Additionally, focusing on positive sentiment aligns with the objective of understanding broader industry dynamics and investment trends. This perspective is particularly valuable in assessing the industry’s capacity to attract capital, drive growth, and navigate through the complexities of bringing groundbreaking solutions to market. Thus, while not dismissing the importance of negative sentiment in providing a balanced view, the strategic decision to focus on positive sentiment in this context is informed by the specific characteristics of the biotechnology sector, the nature of emerging markets, and the objective to gauge investment appetite and industry momentum. This approach enables a constructive framework for analysing and interpreting market sentiments, which is pivotal for fostering an environment conducive to innovation and investment in high-risk, high-reward sectors like biotechnology [28, 31].
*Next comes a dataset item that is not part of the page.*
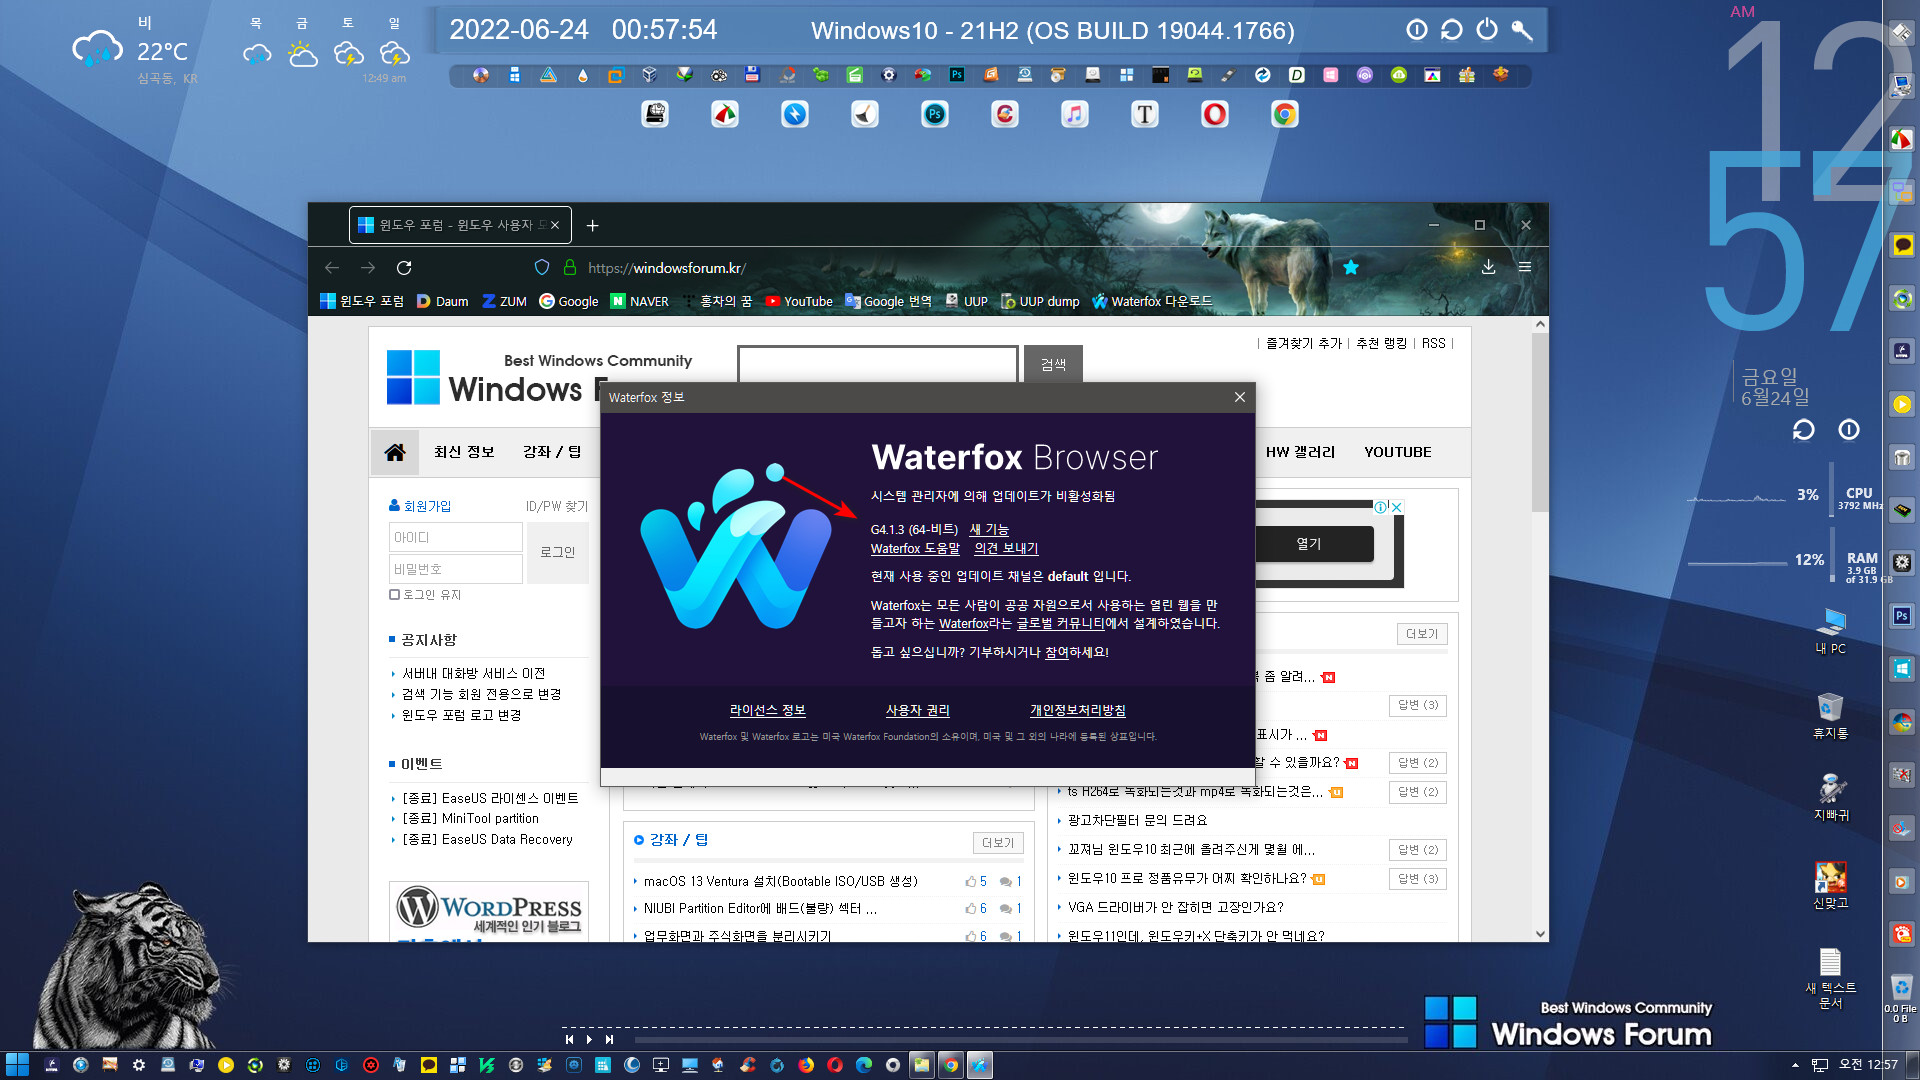 Waterfox Current G5.1.9 instal the new

Integration of sentiment analysis in the pharmaceutical and biotechnology industries has revolutionised the understanding of public opinion and consumer behaviour. Recent studies have used advanced deep learning models and demographic analyses to gauge public sentiment toward COVID-19 vaccines, highlighting the importance of addressing vaccine hesitancy and understanding diverse public perceptions [32]. Tools have also been developed that allow companies to respond quickly to consumer concerns and adapt tailored strategies for the pharmaceutical industry [31]. Sentiment analysis has also shown its potential to detect adverse drug reactions, offering a novel approach to pharmacovigilance [33]. These studies underscore sentiment analysis as a strategic tool in the pharmaceutical and biotechnology sectors, helping to monitor in real time the early detection of health concerns and facilitating targeted communication strategies, thus significantly influencing public health outcomes, corporate strategies, and public opinion in the validity of the application of sentiment analysis to complex research.
4 Hypothesis
If the heterogony in RDC deals is present, we would expect to observe distinct latent classes separating RDC transactions impacted by public sentiment from those that are not when considering RDC deal data (H1). We use positive sentiment taken from ten years of Twitter micro-blogs relating to biotechnology and the life sciences as a proxy for market behaviour to capture RDCs that look to the market and comparables to benchmarks RDC valuations as put forward in the current literature. These assumptions extend the expectations put forward in the efficient market theories, where if knowledge asymmetries and bias are controlled, then pricing models should fully reflect this information in the price, and practitioners should only look to market behaviour if these elements remain otherwise uncontrolled and not effectively managed or captured [14].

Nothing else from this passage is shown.